# Coding Assignment 5: Support Vector Machine Classifier

CS 598 Practical Statistical Learning

2023-11-27

UIUC Fall 2023

**Authors**
* Ryan Fogle
    - rsfogle2@illinois.edu
    - UIN: 652628818
* Sean Enright
    - seanre2@illinois.edu
    - UIN: 661791377

**Contributions**

Ryan provided the initial implementation of the Pegasos algorithm, as well as the initial data cleaning, confusion matrices and test results.

Sean refactored the Pegasos algorithm implementation to vectorize operations, cleaned up the relabeling of data and added markdown to explain steps of the process.

## Introduction

In this assignment, we implement a Support Vector Machine (SVM) classifier using the Pegasos (Primal Estimated sub-GrAdient SOlver for SVM) algorithm. The Pegasos algorithm itself optimizes SVM parameters using stochastic gradient descent (SGD).

To validate our implementation, we classify two digits of the MNIST dataset.

In [None]:
import numpy as np
import pandas as pd
from sklearn.metrics import confusion_matrix, accuracy_score, ConfusionMatrixDisplay
import matplotlib.pyplot as plt

## The Pegasos Algorithm

The learning problem for a SVM can be stated as the following minimization problem:
$$
\min_{\beta, \alpha}
\frac{\lambda}{2} \lVert \beta \rVert^2
+ \frac{1}{n} \sum_{i=1}^{n} \left [ 1 - y(x^t \beta + \alpha) \right ]_{+}
$$

In the Pegasos algorithm, this objective function $J$ is iteratively approximated with samples of the training set observations as follows.

$$
J_i(\beta, \alpha) = 
\frac{\lambda}{2} \lVert \beta \rVert^2
+ \frac{1}{n} \sum_{i=1}^{n} \left [ 1 - y_i(x_i^t \beta + \alpha) \right ]_{+}
$$

where $\alpha$ is the intercept and $\beta$ is the p-dimensional coefficient vector.

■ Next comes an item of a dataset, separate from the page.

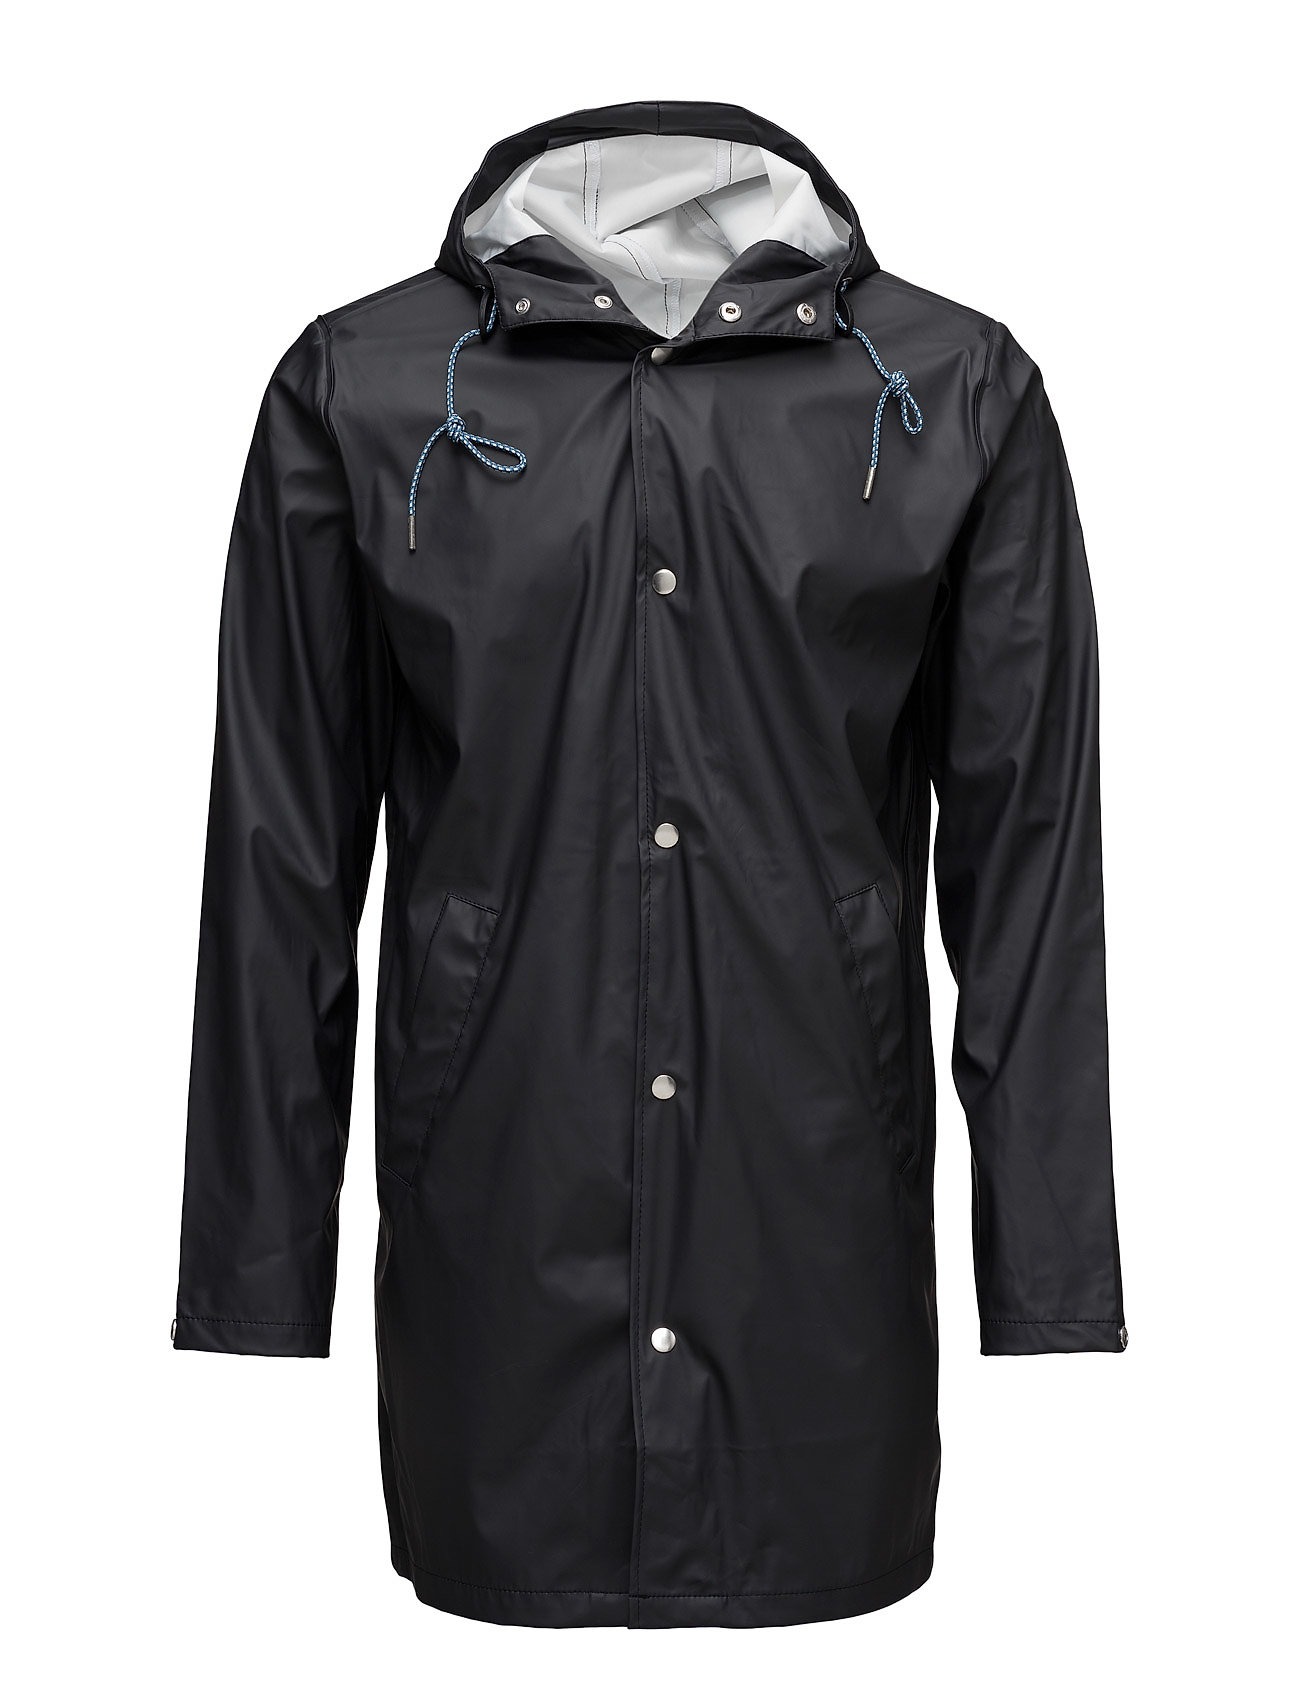 JacketphantomKnowledge Cotton Long Apparel Cotton Apparel Rain JacketphantomKnowledge Rain Long 6gy7fb

These two parameters are updated iteratively by using their subgradients to approach a local optimum. These subgradients are

$$
\Delta_t =
\begin{cases}
    \lambda \beta_t - y_i x_i & \text{if} y_i(x_i^t \beta_t + \alpha_t) < 1 \\
    \lambda \beta_t           & \text{otherwise} \\
\end{cases}
$$

$$
\delta_t =
\begin{cases}
    -y_i & \text{if} y_i(x_i^t \beta_t + \alpha_t) < 1 \\
    0    & \text{otherwise} \\
\end{cases}
$$

where $\Delta_t$ and $\delta_t$ are the subgradients at iteration $t$ with respect to $\beta$ and $\alpha$, respectively.

The Pegasos algorithm can be summarized as follows:

1. initialize $\beta = 0_{p \times 1}$, $\alpha_1 = 0$, and $t=0$
2. for epoch = $1, 2, ..., T$, do
    * for $i = 1, 2, …, n$, do
        * $t = t + 1$
        * $\eta_t = \frac{1}{t \, \lambda}$
        * $\beta_{t+1} \Leftarrow \beta_t - \eta_t \, \Delta_t$
        * $\alpha_{t+1} \Leftarrow \alpha_t - \eta_t \, \delta_t$

In [None]:
def pegasos(x, y, epochs=20, lam=1):
    """Perform the Pegasos algorithm to estimate SVM parameters

    Args:
        x (np.ndarray): n x p training data
        y (np.ndarray): Labels
        epochs (int, optional): Number of epochs to execute algorithm. Defaults to 20.
        lam (int, optional): Learning rate hyperparameter. Defaults to 1.

    Returns:
        (np.ndarray, int): Updated estimates for SVM parameters beta and alpha, respectively
    """

    # Intialize parameters
    beta  = np.zeros(x.shape[1])
    alpha = 0
    t     = 1
    n     = y.shape[0]
    
    for epoch in range(epochs):
        # Shuffle data
        inds = np.arange(n)
        np.random.shuffle(inds)
        x = x[inds]
        y = y[inds]

        # eta is vectorized, using t values that increase for each observation
        eta = (1 / (lam * np.arange(t, t + n))).reshape(-1, 1)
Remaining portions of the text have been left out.